Beginning with the line that holds "Eimer mit Metallbügel, Kunstoff, gelb, 5", write out each line exactly as it stands until the end of the data, and include no pictures.

RECORDED DATA:

==========

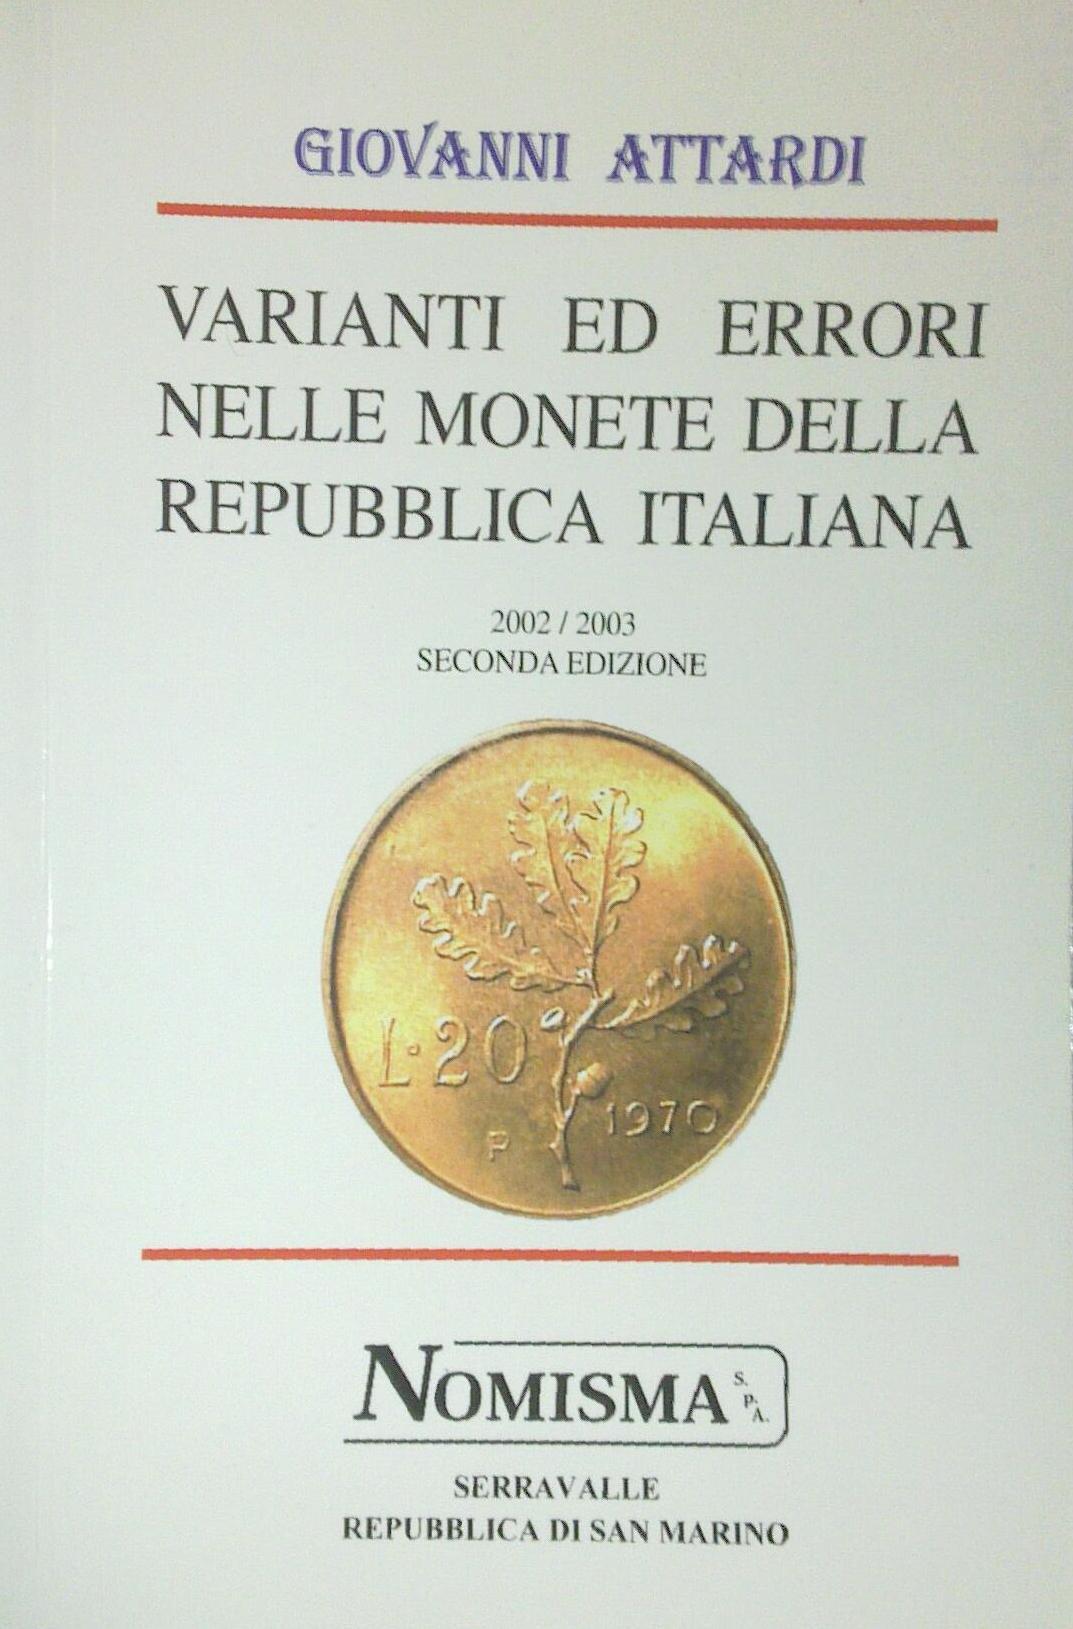 Varianti ed errori nelle monete della Repubblica italiana
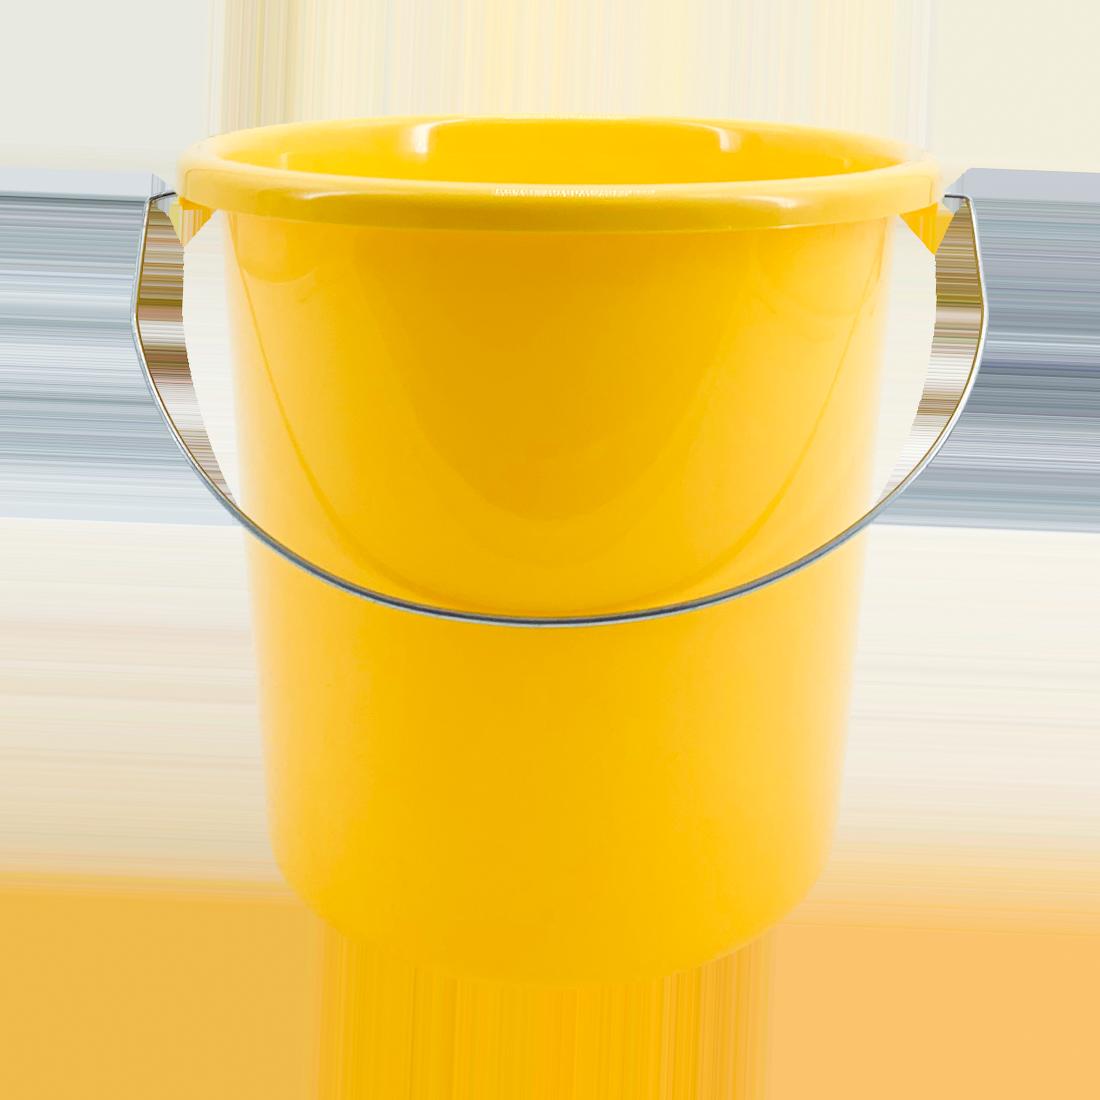 Eimer mit Metallbügel, Kunstoff, gelb, 5 Liter
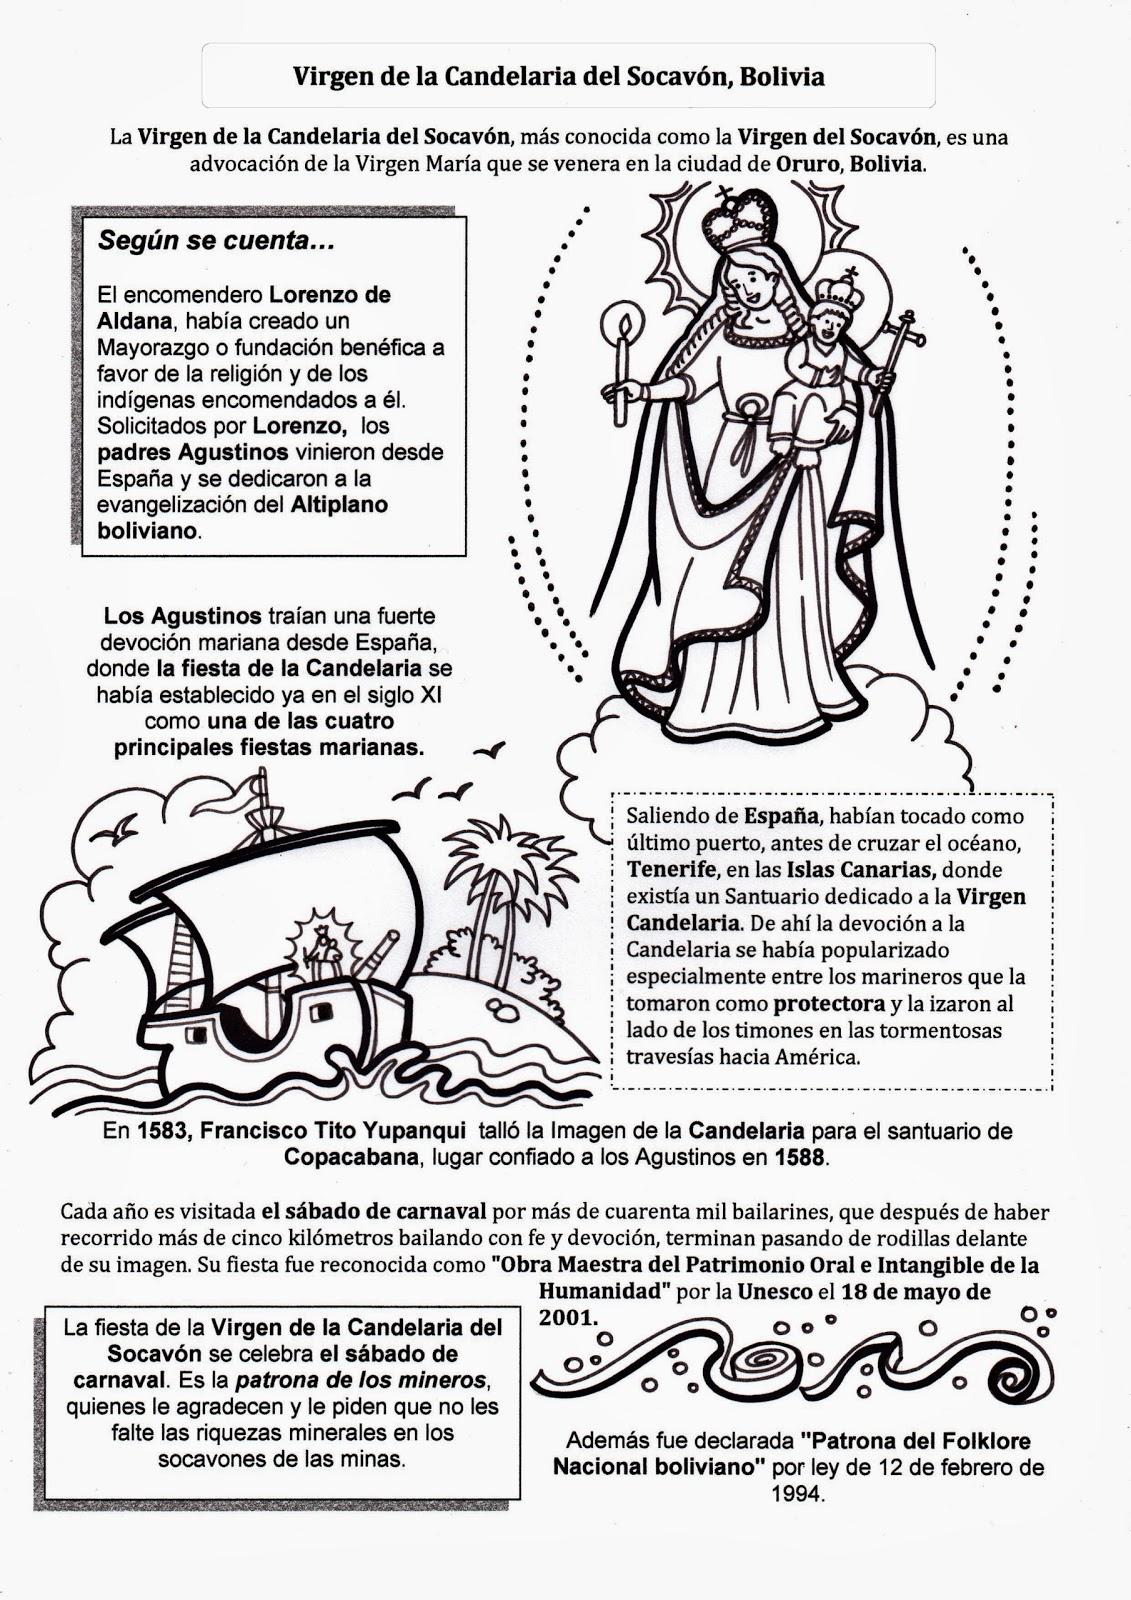 El Rincón de las Melli: Virgen de la Candelaria del Socavón, Bolivia

==========

REPLY:
 Eimer mit Metallbügel, Kunstoff, gelb, 5 Liter
 El Rincón de las Melli: Virgen de la Candelaria del Socavón, Bolivia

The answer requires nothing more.